The voltage dependence of block of the permanently charged D890 assessed at depolarized voltages locates the binding site inside the channel pore. Our previous findings of a lack of voltage dependence of verapamil block (Trequattrini et al., 1998) would then indicate that verapamil is active in neutral form, or at least much more active in this form than the cationic drug so as to produce an unmeasurable voltage dependence. We tested this assumption by lowering the internal pH down to 6.0, which increases the solely intracellular concentration of charged verapamil by more than 20 times. We found that this manouvre did not increase (<10%) significantly the block rate, indicating that the charged form is not significantly active. It should be noticed however that uncertainties may remain regarding the actual internal pH in these experimental conditions, since when internal pH is lowered to 6.0, for the new ratio between charged and neutral verapamil to be reached (400/1, c.f. Results), the buffering system which has to reach the cytoplasm through the pipette, may be unable for diffusion restrictions to keep the nominal internal pH.
Verapamil and TEA binding domains interact
The slowing of the rate of block by verapamil when TEA, a fast open channel blocker, is present (Figure 4), is consistent with competitive antagonism of verapamil by TEA. Slowing occurs because the TEA-blocked IK(DR) channels are in rapid equilibrium with open-unblocked channels, and TEA-blocked channels cannot bind verapamil. When verapamil blocks open-unblocked channels it will not produce the expected rate of decay of the current because as block by verapamil proceeds and the pool of open-unblocked channels decreases TEA-blocked channels rapidly free TEA to maintain the equilibrium. The congruency of the experimental and predicted results based on the competition scheme provides compelling evidence that verapamil and TEA compete for the same site. Alternatively the data would be satisfactorily described if the binding sites for the two drugs are physically distinct (although presumably close), yet binding to either site allosterically distorts the tertiary structure of the protein sufficiently to prevent the other site accepting the blocker.

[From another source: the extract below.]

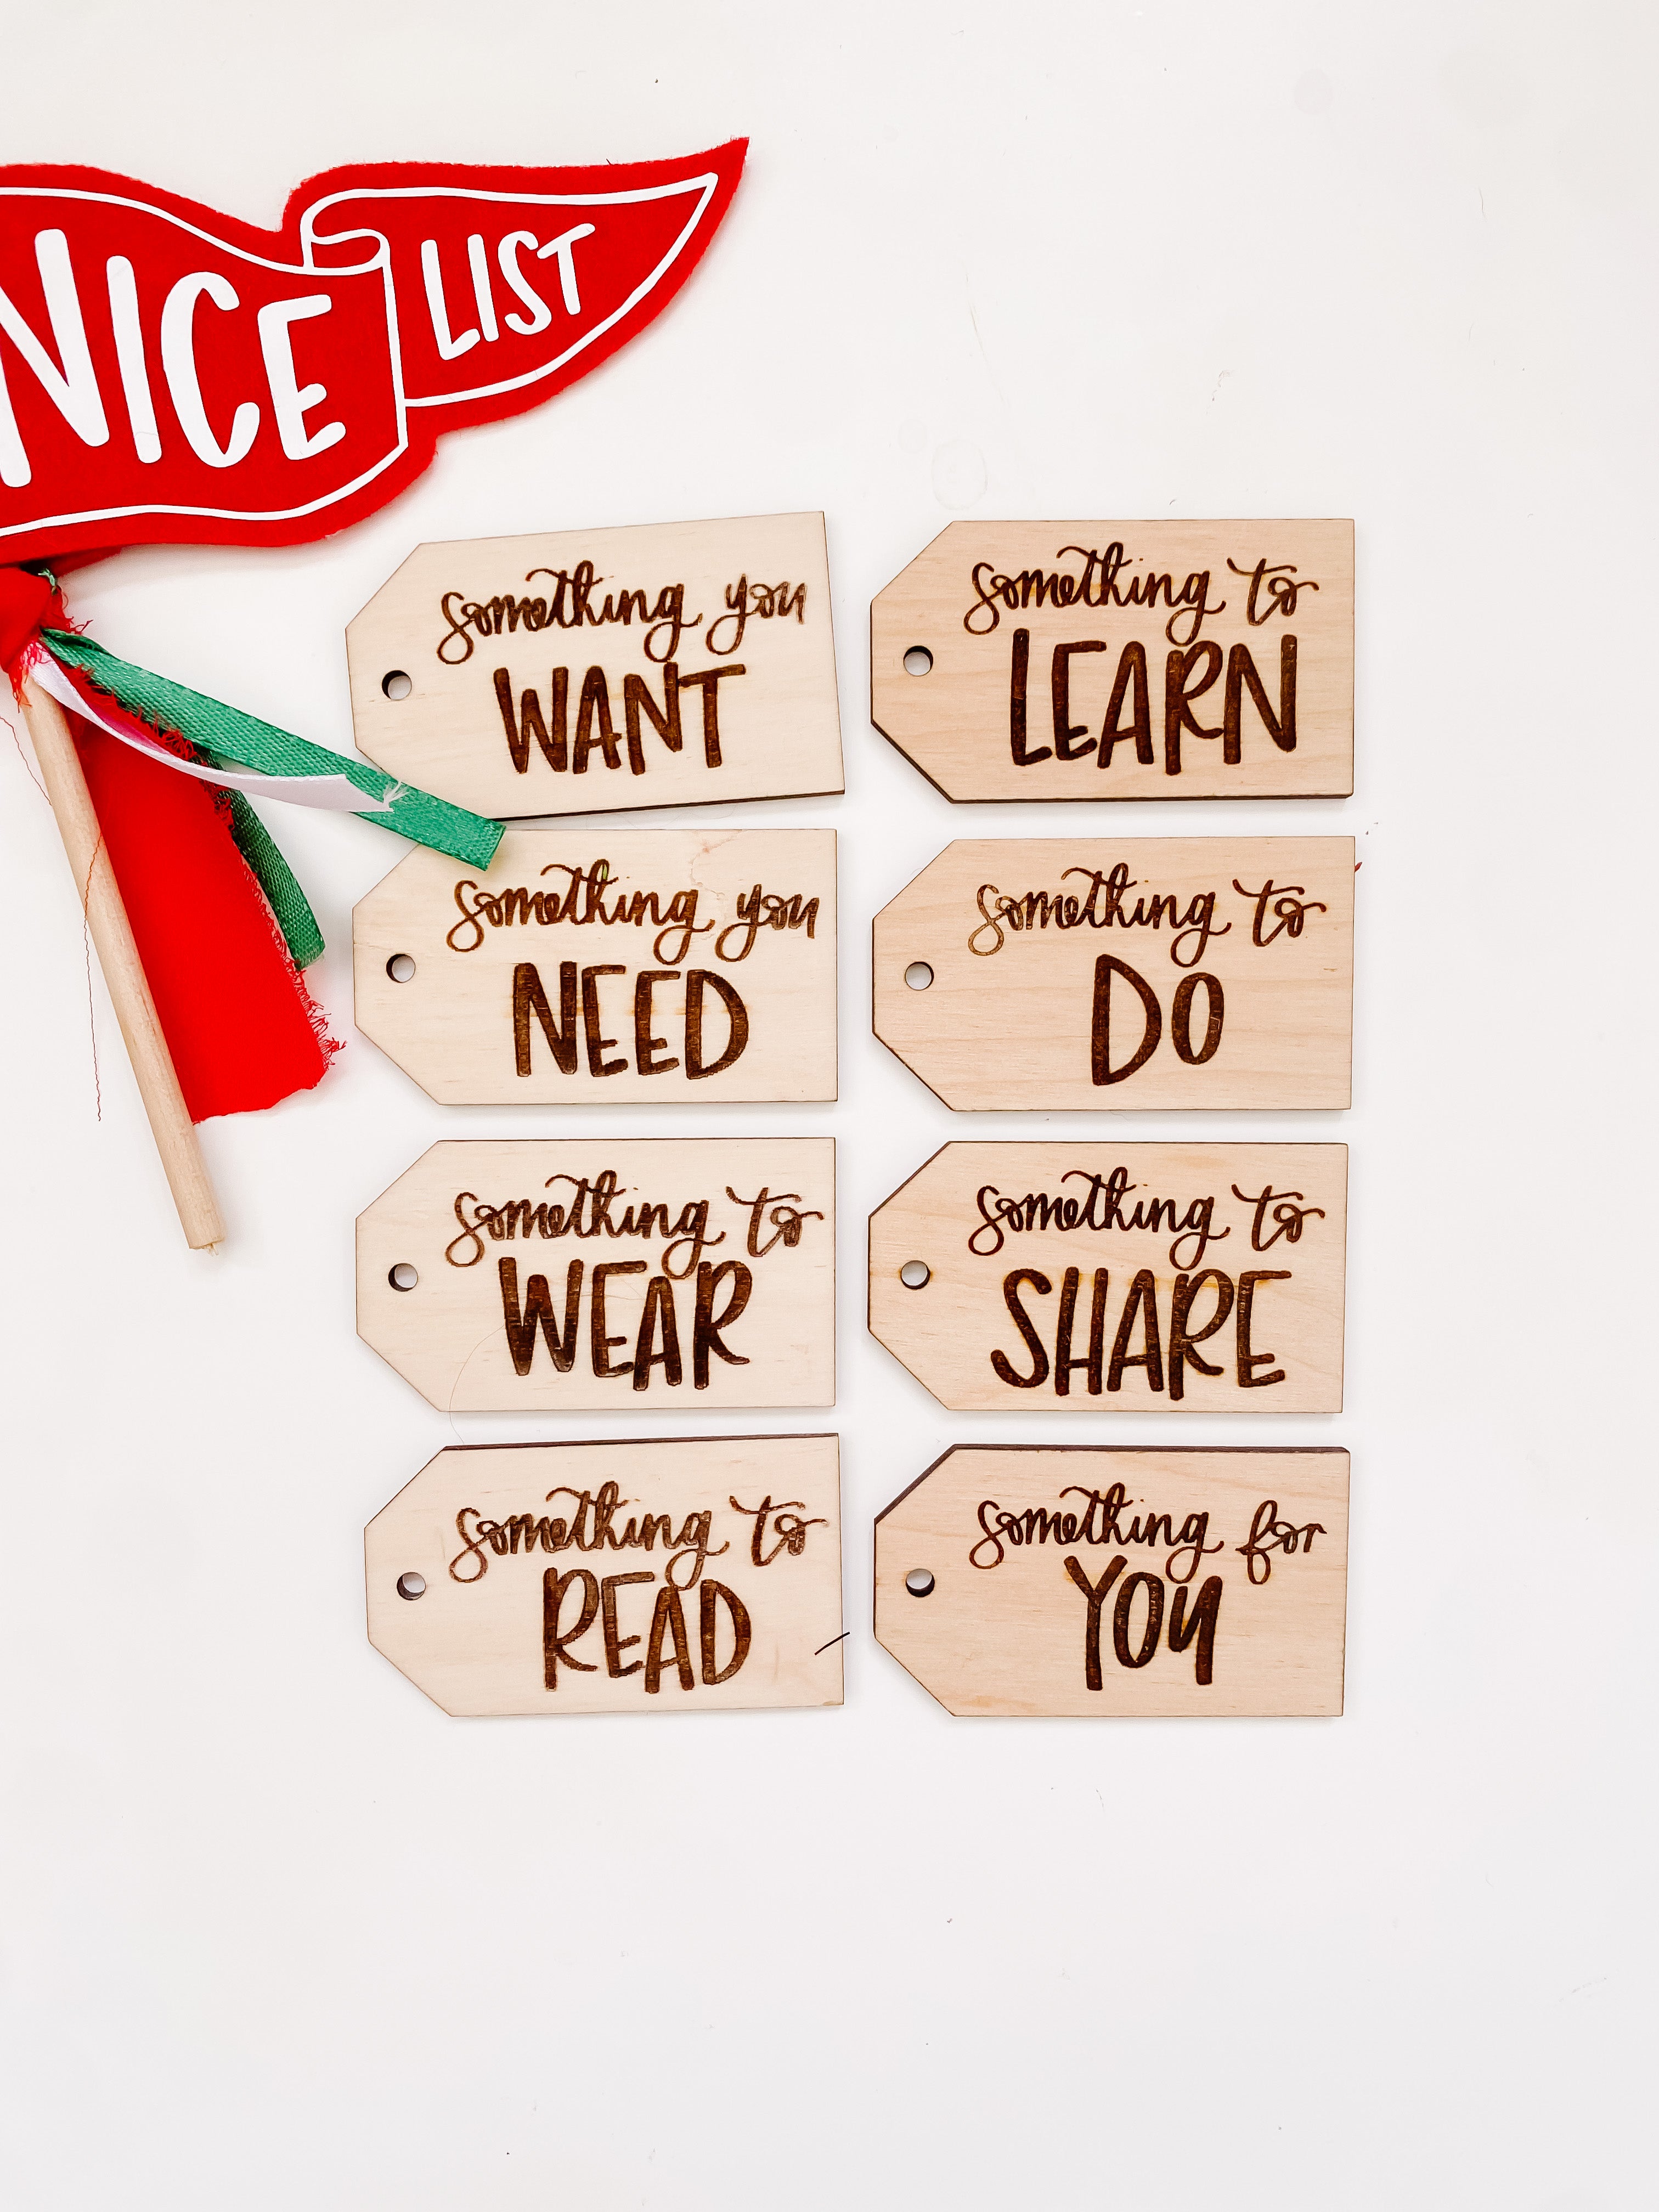 Want, Need, Wear, Read Present Tags

Does verapamil protonate upon binding?
Upon repolarization after a strong depolarized pulse in presence of external K and high concentrations of verapamil we recorded hooked tail currents. Open channel blockers display this behaviour only if there is significant voltage dependence of their off rate. This result was unexpected since we found verapamil to bind in neutral form. Hooked tails were also observed by DeCoursey (1995) in rat alveolar epithelial cells where verapamil was found to block the IK(DR) in the uncharged form. To explain this result he suggested that, once in the site, verapamil has to be protonated (from the internal solution) to acquire the voltage dependence of unblock and give rise to hooked tail currents.
Using the permanently charged verapamil analogue D890 we tested DeCoursey's suggestion of blocker protonation upon binding by comparing the voltage dependence of the off rate of verapamil and D890 from the hooked tail currents. The test was based on the assumption that protonated (charged) verapamil would give the same voltage dependence as the permanently charged D890. As shown in Figure 5, the off rate of both verapamil and D890 were significantly voltage dependent. However, while the voltage dependence of D890 could be described by the classical Woodhull model, verapamil data could only be fitted with an expression containing a voltage dependent and a voltage independent component. This expression stems from the kinetic scheme shown in Results (Scheme 3) which has as major features that while only neutral verapamil can bind to the channel, both charged and uncharged drug can leave the site, although with different rates (c.f. legend to Figure 5). In addition, protonation of bound verapamil is so fast to be described by the reaction's dissociation constant. In this view, the voltage dependent component is given by the protonated verapamil, whereas the neutral fraction of the blocker will contribute the voltage independent component. The voltage dependencies for the two blockers were instead comparable (36 and 40 mV/e-fold for D890 and verapamil respectively), a result expected for two very closely related molecules with same charge. The marked difference in the voltage dependence of D890 on and off rates (136 vs 36 mV/e-fold respectively) would be interpreted in the classical framework for the voltage dependence of block as due to asymmetry of the energetic barrier the blocker has to overcome in order to reach or leave the blocking site. We have verified however whether the different voltage-dependence could have a different origin, for instance, result from relief of block by external K ions, which could occur at hyperpolarized voltages.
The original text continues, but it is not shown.